YOUR ASSIGNMENT:
Give again, word for word, every line below from the one that has "Replay WA698 34A" through the one that has "IKEA Effektiv White", both included, and no others.

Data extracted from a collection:
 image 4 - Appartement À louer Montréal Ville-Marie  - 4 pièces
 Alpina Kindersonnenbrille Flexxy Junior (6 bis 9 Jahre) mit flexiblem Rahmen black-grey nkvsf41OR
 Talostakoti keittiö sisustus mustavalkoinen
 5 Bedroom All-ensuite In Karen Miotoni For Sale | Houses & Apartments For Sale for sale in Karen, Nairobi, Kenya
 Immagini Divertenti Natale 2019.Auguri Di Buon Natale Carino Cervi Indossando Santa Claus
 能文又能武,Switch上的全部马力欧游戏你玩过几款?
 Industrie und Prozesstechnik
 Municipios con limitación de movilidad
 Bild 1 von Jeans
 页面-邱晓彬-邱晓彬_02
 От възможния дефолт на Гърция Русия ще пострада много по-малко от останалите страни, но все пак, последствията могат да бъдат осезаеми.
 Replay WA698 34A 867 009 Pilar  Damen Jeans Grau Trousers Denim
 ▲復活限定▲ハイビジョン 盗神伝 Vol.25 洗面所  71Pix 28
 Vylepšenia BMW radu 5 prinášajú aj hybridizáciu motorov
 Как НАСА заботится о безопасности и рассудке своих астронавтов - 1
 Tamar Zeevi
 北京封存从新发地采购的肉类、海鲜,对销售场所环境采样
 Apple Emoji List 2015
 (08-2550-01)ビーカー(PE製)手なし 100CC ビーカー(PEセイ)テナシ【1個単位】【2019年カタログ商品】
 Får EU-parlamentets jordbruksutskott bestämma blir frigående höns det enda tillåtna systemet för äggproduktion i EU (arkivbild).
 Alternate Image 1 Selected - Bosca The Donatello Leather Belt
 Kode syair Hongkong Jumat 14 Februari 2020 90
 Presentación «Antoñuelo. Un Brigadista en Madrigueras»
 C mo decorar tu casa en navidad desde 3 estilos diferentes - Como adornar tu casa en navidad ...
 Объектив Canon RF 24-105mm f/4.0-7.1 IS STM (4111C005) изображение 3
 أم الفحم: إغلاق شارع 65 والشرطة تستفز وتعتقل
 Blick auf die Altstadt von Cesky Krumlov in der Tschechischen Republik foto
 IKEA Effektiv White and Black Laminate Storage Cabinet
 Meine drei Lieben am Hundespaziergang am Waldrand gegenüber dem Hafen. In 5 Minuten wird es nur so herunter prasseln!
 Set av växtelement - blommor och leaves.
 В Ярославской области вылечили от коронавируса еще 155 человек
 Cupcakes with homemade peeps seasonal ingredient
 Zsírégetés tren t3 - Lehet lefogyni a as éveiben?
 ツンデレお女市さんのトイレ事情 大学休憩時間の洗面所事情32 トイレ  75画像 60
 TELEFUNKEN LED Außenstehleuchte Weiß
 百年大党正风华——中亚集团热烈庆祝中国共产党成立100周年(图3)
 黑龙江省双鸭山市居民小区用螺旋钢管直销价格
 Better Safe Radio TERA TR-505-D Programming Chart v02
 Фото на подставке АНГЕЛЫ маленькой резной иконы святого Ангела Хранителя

EXERCISE SOLUTION:
 Replay WA698 34A 867 009 Pilar  Damen Jeans Grau Trousers Denim
 ▲復活限定▲ハイビジョン 盗神伝 Vol.25 洗面所  71Pix 28
 Vylepšenia BMW radu 5 prinášajú aj hybridizáciu motorov
 Как НАСА заботится о безопасности и рассудке своих астронавтов - 1
 Tamar Zeevi
 北京封存从新发地采购的肉类、海鲜,对销售场所环境采样
 Apple Emoji List 2015
 (08-2550-01)ビーカー(PE製)手なし 100CC ビーカー(PEセイ)テナシ【1個単位】【2019年カタログ商品】
 Får EU-parlamentets jordbruksutskott bestämma blir frigående höns det enda tillåtna systemet för äggproduktion i EU (arkivbild).
 Alternate Image 1 Selected - Bosca The Donatello Leather Belt
 Kode syair Hongkong Jumat 14 Februari 2020 90
 Presentación «Antoñuelo. Un Brigadista en Madrigueras»
 C mo decorar tu casa en navidad desde 3 estilos diferentes - Como adornar tu casa en navidad ...
 Объектив Canon RF 24-105mm f/4.0-7.1 IS STM (4111C005) изображение 3
 أم الفحم: إغلاق شارع 65 والشرطة تستفز وتعتقل
 Blick auf die Altstadt von Cesky Krumlov in der Tschechischen Republik foto
 IKEA Effektiv White and Black Laminate Storage Cabinet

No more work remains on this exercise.